6, the existing Spark application can still use the original interface when submitting the job, is not affected.

DRAWINGS

The query method based on the Spark big data processing platform of the present invention is further described in detail below with reference to the accompanying drawings and specific embodiments.

FIG. 1 is an architectural diagram of a Spark SQL execution query in the prior art.

2 is a framework diagram of a Spark SQL generated DAG in the prior art.

FIG. 3 is a flow chart of a SparkContext submit job in the prior art.

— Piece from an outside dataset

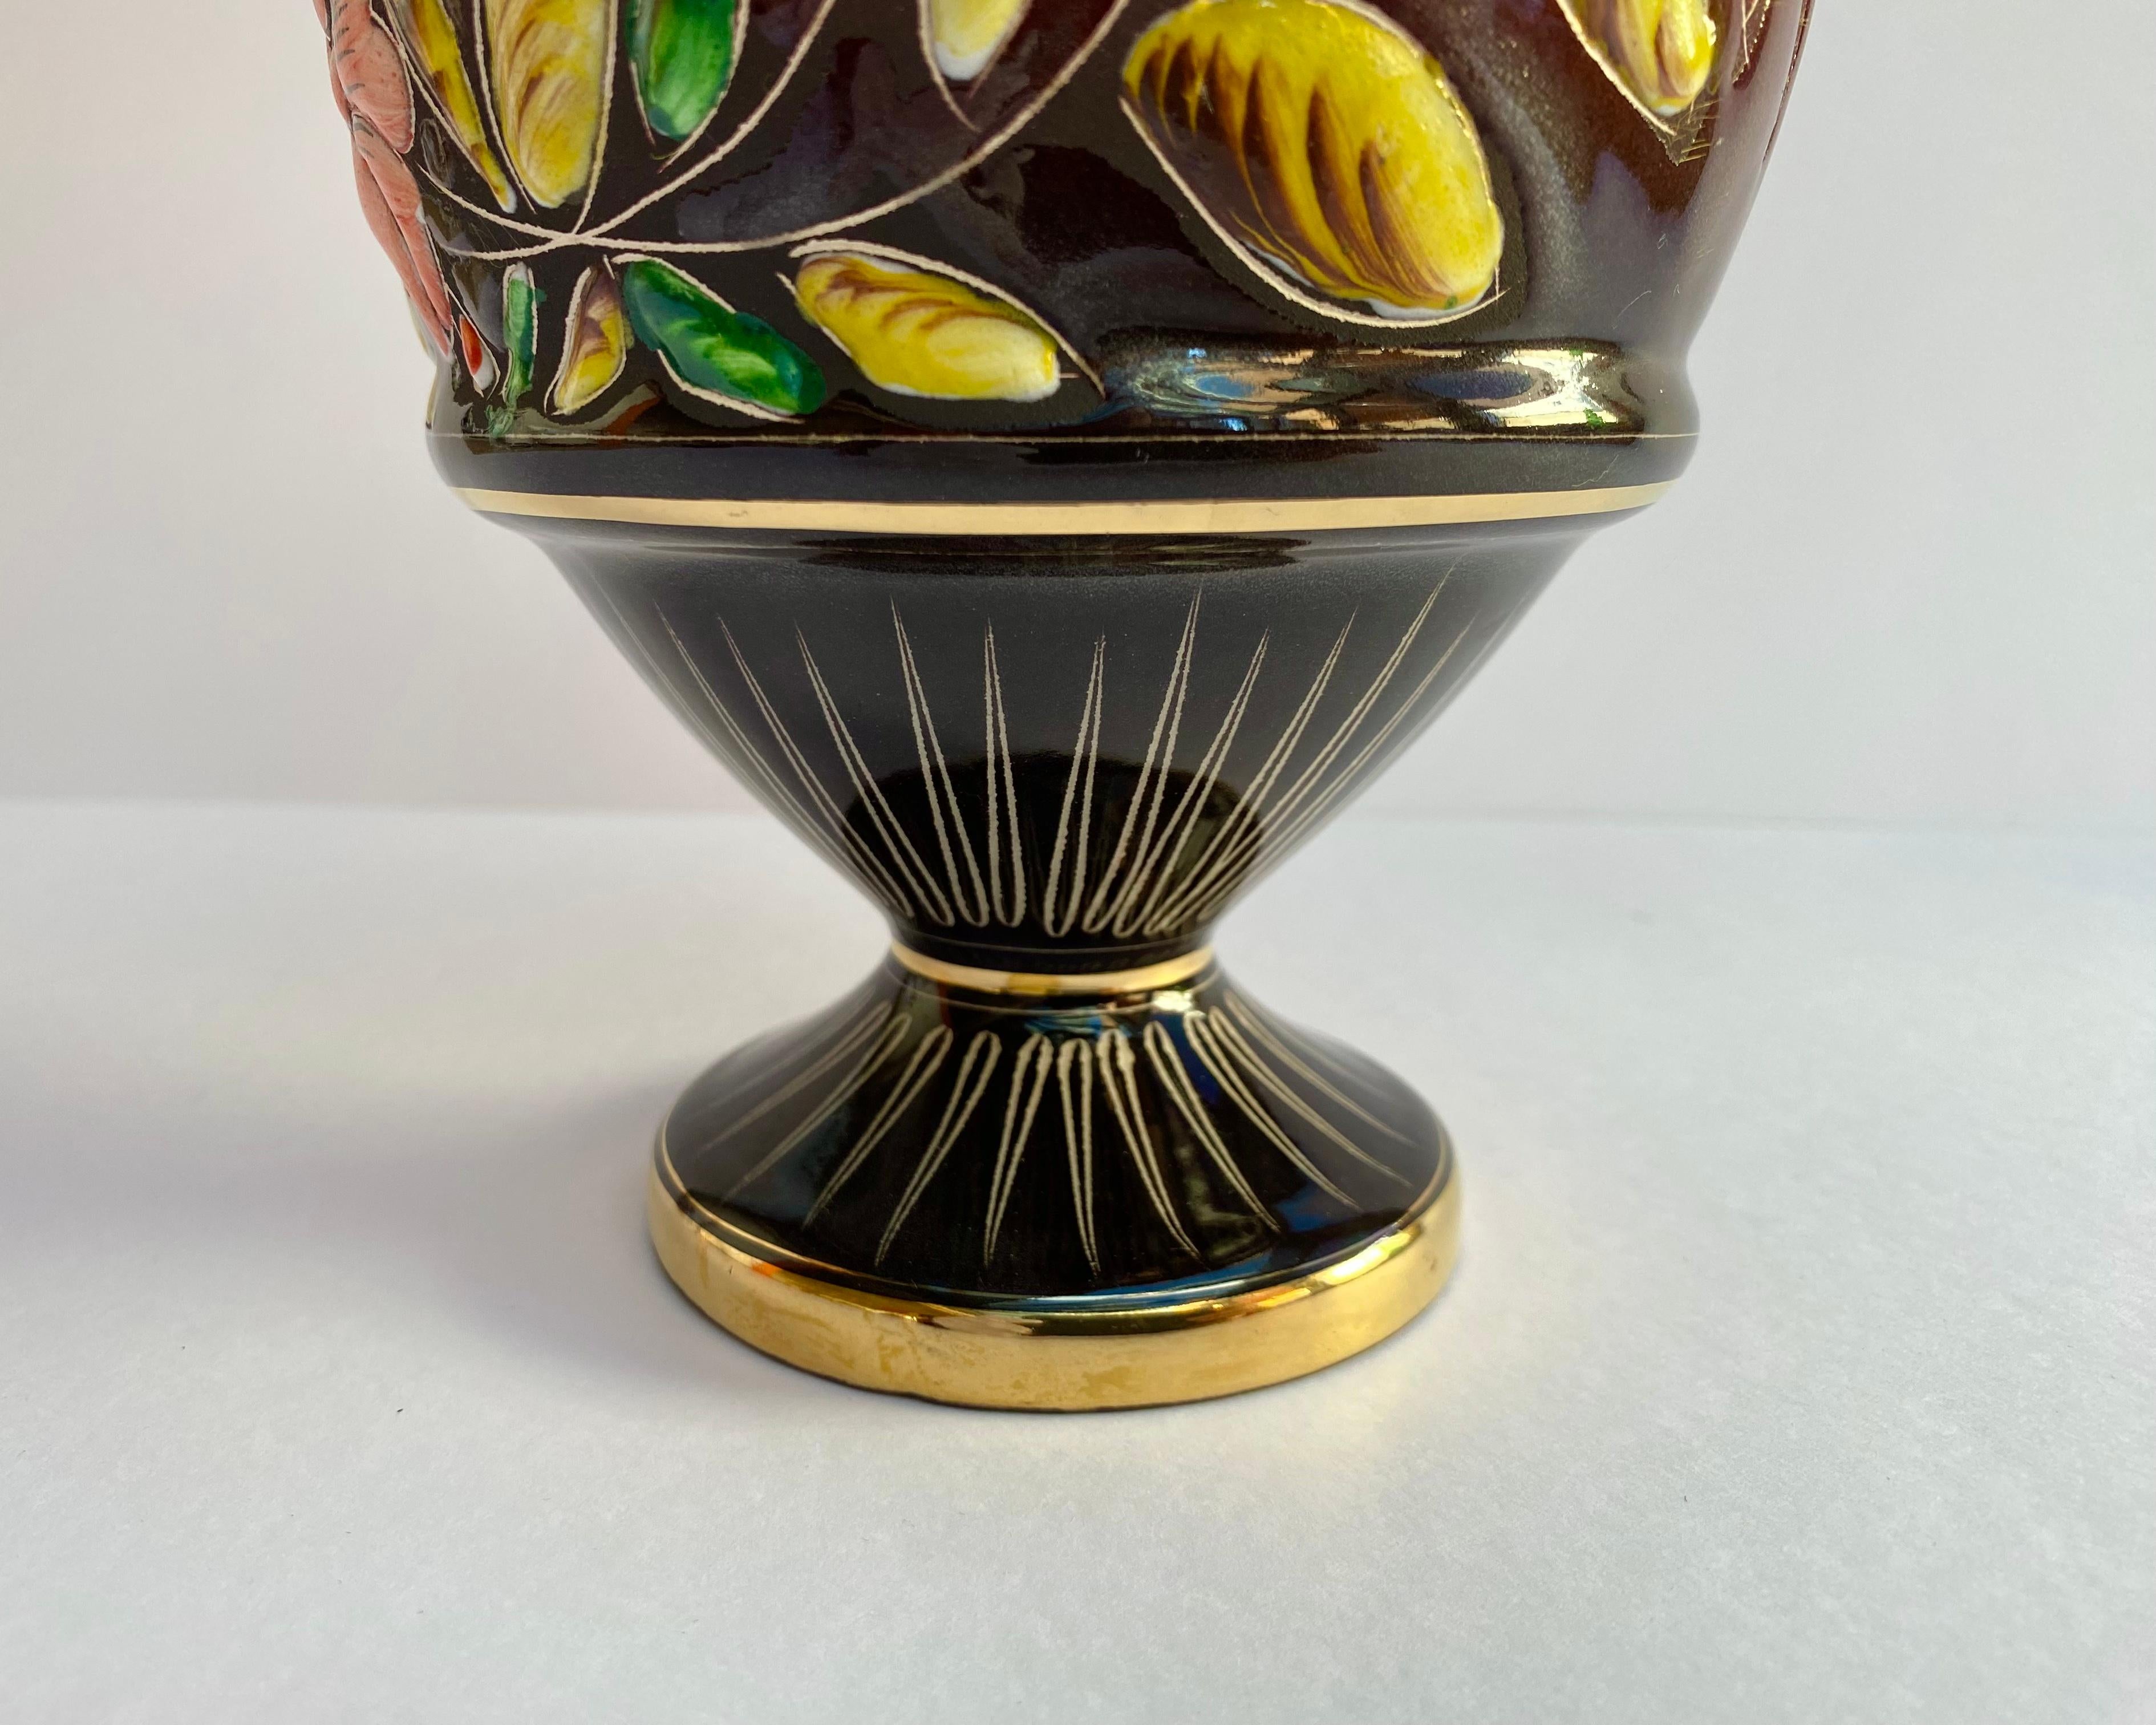 Vase Vintage Floral Decor in Ceramic H.Bequet Belgium 1950s Hand Crafted In Excellent Condition For Sale In Bastogne, BE

4 is a schematic diagram of the RDD phase division in the prior art.

Figure 5 is a process diagram of a prior art DAG performed in stages.

FIG. 6 is a schematic diagram of a sorted query Task storage calculation result in the prior art.

FIG. 7 is a flowchart of implementing an undelayed output of a query result according to an embodiment of the present invention.

FIG. 8 is a flowchart of implementing sorting query processing in a Task successful processing strategy according to an embodiment of the present invention.

FIG. 9 is a flowchart of implementing non-sorted query processing in a Task successful processing policy according to an embodiment of the present invention.

FIG. 10 is a flowchart of implementing a non-sorted query to support a massive query result according to an embodiment of the present invention.

FIG. 11 is a flowchart of implementing memory protection for a query result by using a sort query according to an embodiment of the present invention.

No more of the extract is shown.